== DATA BELOW ==
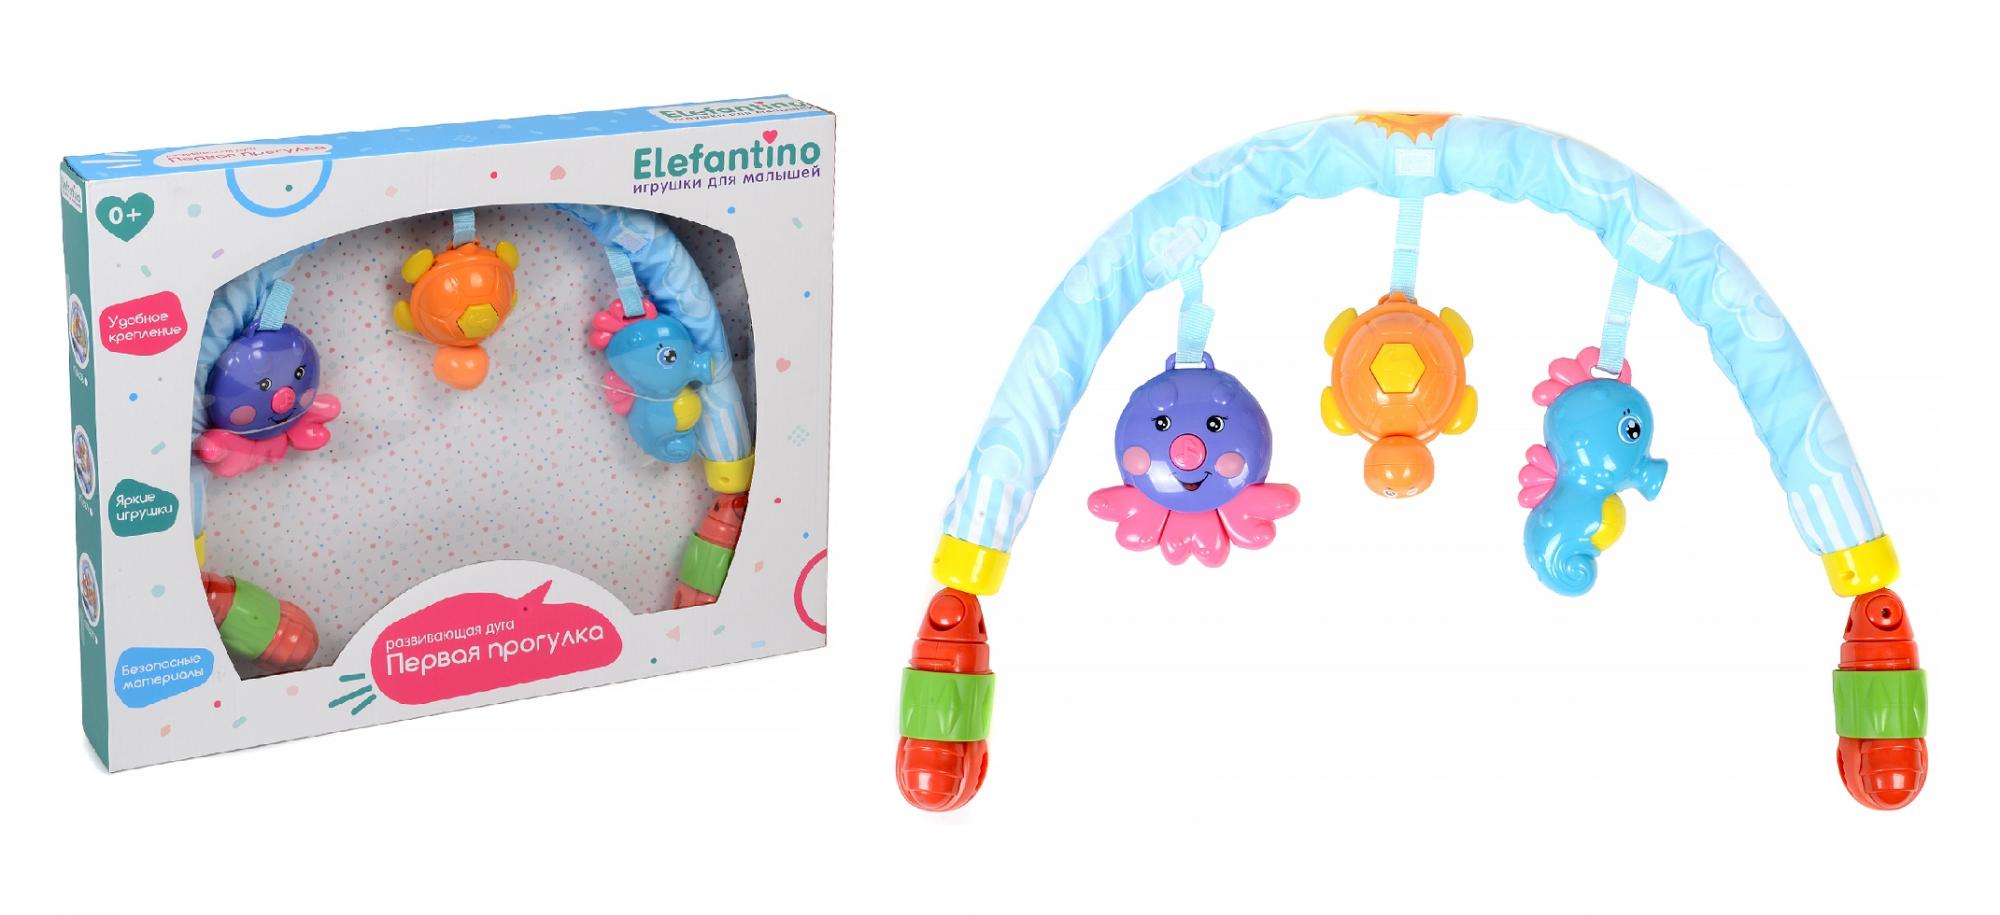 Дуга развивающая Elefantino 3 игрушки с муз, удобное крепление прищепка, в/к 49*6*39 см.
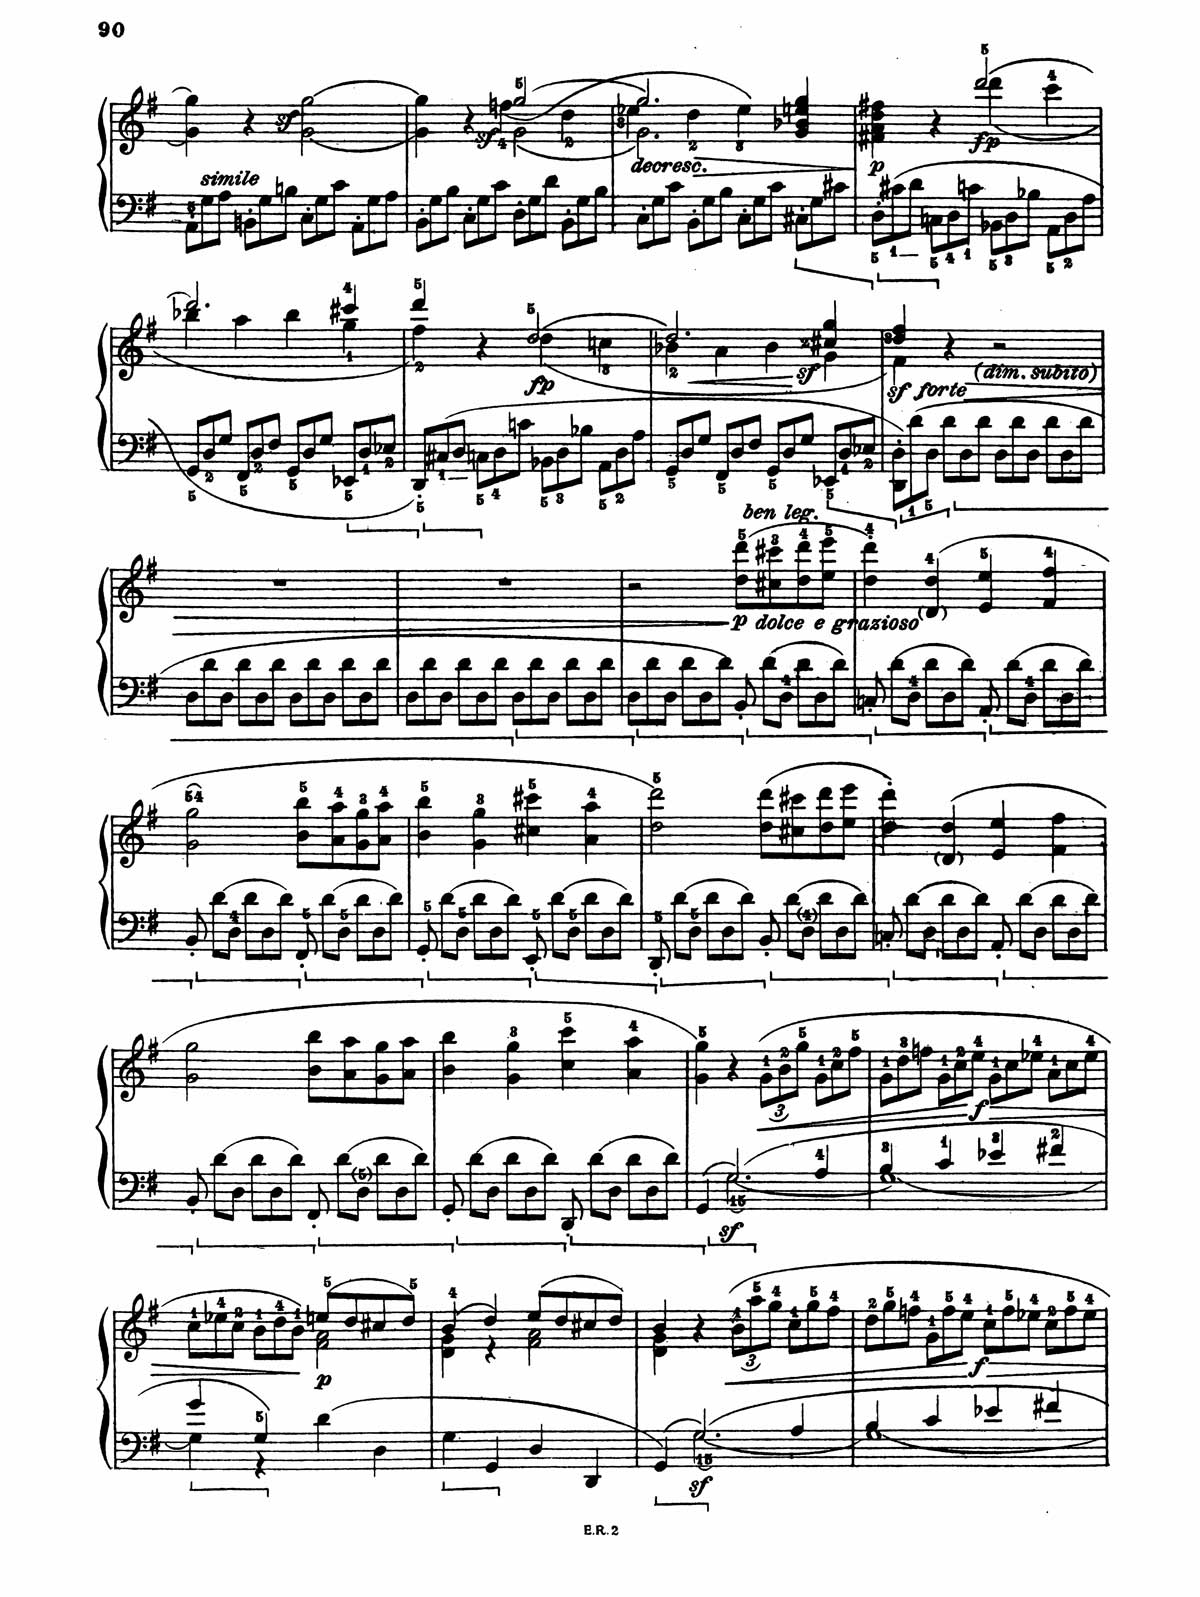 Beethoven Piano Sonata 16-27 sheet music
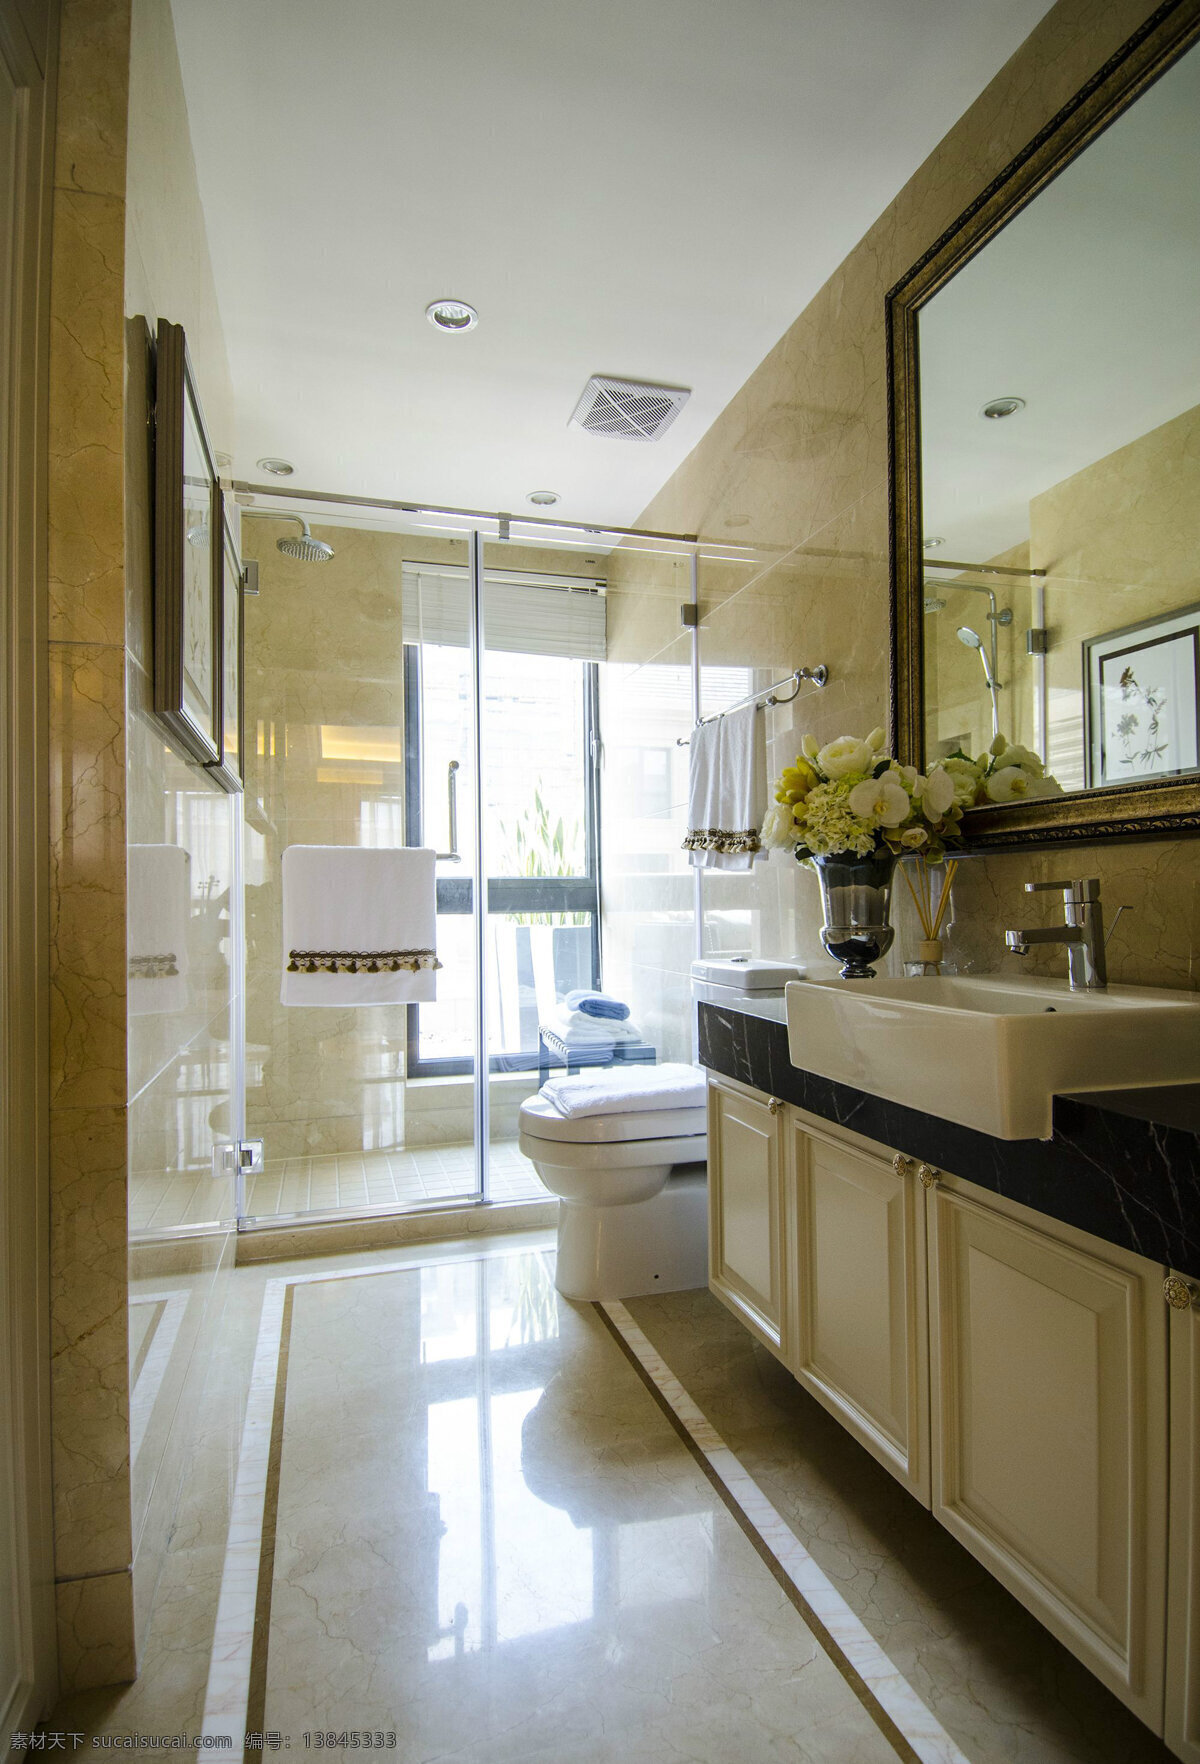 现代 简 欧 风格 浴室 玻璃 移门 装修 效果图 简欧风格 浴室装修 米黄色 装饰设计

== EXERCISE INSTRUCTIONS ==
All of the data above should be transcribed verbatim, with pictures omitted.

== RESPONSE BOX ==
 Дуга развивающая Elefantino 3 игрушки с муз, удобное крепление прищепка, в/к 49*6*39 см.
 Beethoven Piano Sonata 16-27 sheet music
 现代 简 欧 风格 浴室 玻璃 移门 装修 效果图 简欧风格 浴室装修 米黄色 装饰设计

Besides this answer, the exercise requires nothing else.